= Smacka Fitzgibbon =

Graham Francis "Smacka" Fitzgibbon (12 February 1930 – 15 December 1979) was an Australian banjoist and vocalist in the trad jazz idiom. He was a publican in country Victoria and restaurateur in Melbourne.

==Biography==
===Early life===
Fitzgibbon was born at Mordialloc, Victoria, the son of Francis Michael Thomas "Frank" Fitzgibbon, clerk, and pianist Minnie "Momma" Fitzgibbon, née Mitchell (died 1989), and nicknamed "Smacka" by Roy Youlden, a bookmaker friend of his father.
The actress–singer Maggie Fitzgibbon (30 January 1929 – 8 June 2020) was a sister.

Educated at St Bede's College, he began playing ukulele at an early age before switching to the banjo; his earliest influences were Bing Crosby, Al Bowlly and Louis Armstrong.

===Career===
In 1951 he began playing with "Frank Johnson’s Fabulous Dixielanders", before forming his own band, "The Steamboat Stompers"; his first album was Frisco Joe's Good Time Boys (1953). His party records on the Melbourne "Paramount" label sold well.

He started working at age 14 as a mechanic, then gained hotel-keeping experience in country Victoria as an employee of the Darnum Hotel. With help from his parents, he became licensee of the Commercial Hotel, Warragul, then after the death of his father, Smacka and his mother took over the Royal Mail Hotel, Wycheproof,
In 1967 he opened Melbourne's first jazz restaurant "La Brochette" (Studley Park Road, Kew) and in May 1971 "Smacka's Place", 55 Chetwynd Street, North Melbourne which became a Melbourne institution; his recipe for an enjoyable night out was an ample supply of "good food, good liquor, and good entertainment". Described as "Plump and smiling with a warm and friendly, genial personality", Smacka was a much loved entertainer, a rare breed who left a smile on everyone's face. He was a regular performer on Melbourne television shows, notably Sunnyside Up, In Melbourne Tonight and The Penthouse Club.

In 1972, the jovial Australian jazzman recorded the title song of the movie The Adventures of Barry McKenzie which was released as a single that same year, reaching #22 on Go-Sets Australian Singles Chart in December 1972. He was a mate of Australian satirist Barry Humphries.

Fitzgibbon recorded for the Fable label, and in 1972 was part of the Fable Singers' recording session, which recorded the theme songs for the 12 then-VFL clubs recorded under the musical direction of HSV-7's Ivan Hutchinson, with Smacka on vocals and banjo alongside other Australian jazz musicians including Frank Traynor on trombone.
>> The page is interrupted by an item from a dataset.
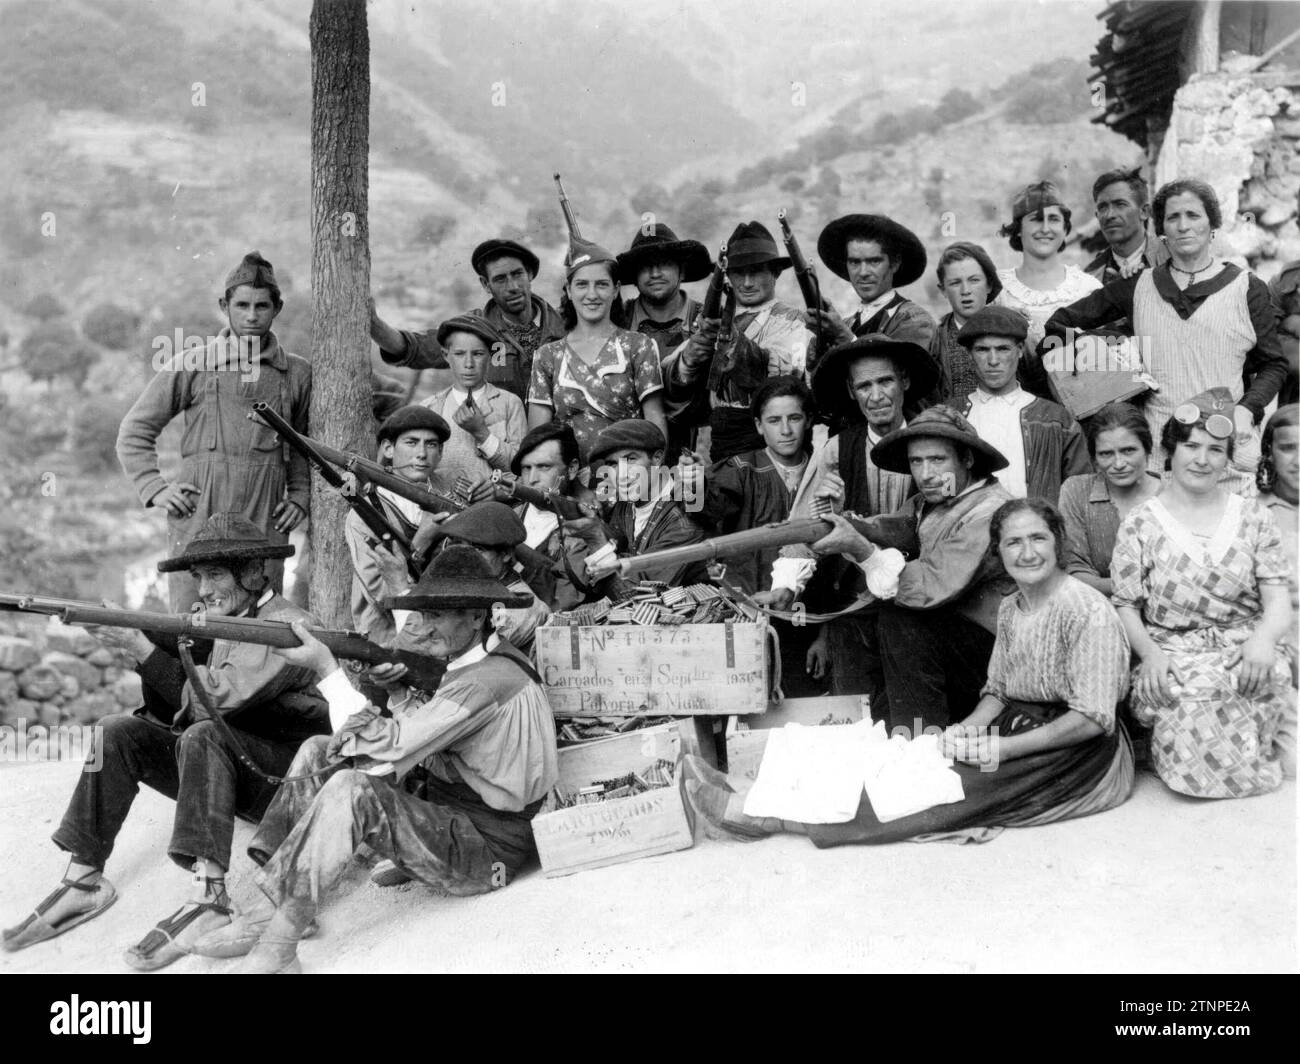 08/31/1936. Contadini che si unirono ai difensori di una posizione avanzata, su uno dei fronti di montagna. Crediti: Album / Archivo ABC / Boira Foto Stock

Most of these recordings are still played at AFL matches today.
In 1976 he made recordings with "the father of Australian jazz", Graeme Bell, with Kenny Clayton's trio, and with "Momma" Fitzgibbon.
That same year he took part in the Moomba Festival with Brian May's ABC Showband, on the CUB showboat.
In October 1979 he was one of the featured artists at the opening of The Jam Factory shopping and arts complex.

==Death==
Fitzgibbon was a chronic sufferer from melanoma, and had a malignant tumour removed in 1955. On 1 September 1977 Smacka collapsed during a radio broadcast on 3LO; he was subsequently found to have a brain tumour, for which he twice underwent surgery. He died from a cerebral haemorrhage on 15 December 1979, aged 49. Several thousand attended a rather colourful funeral service - "Mass for Smacka" - with Frank Traynor's "Jazz Preachers" playing the New Orleans hymn "Oh, Didn't He Ramble" for the funeral march in honour of the man described "as Melbourne as the Yarra (river)".

On 8 November 2004, a tribute show "Remembering Smacka" was performed by his daughter Nichaud at the Arts Centre Melbourne, in honour of the man best remembered for his popular jazz club, his dapper dress code (spotted bow ties, striped jackets, checked pants and two-tone shoes) and his love of vintage cars — he collected Packards.

==Legacy==
The Victorian Jazz Archive featured Smacka in its "Fitzgibbon Dynasty" exhibition.

==Family==
Fitzgibbon married Faye Hommelhoff on 31 October 1959, with whom he had four children. Their daughter Nichaud Fitzgibbon is a noted jazz vocalist. Their sons, Mark and Andrew, are also both musicians.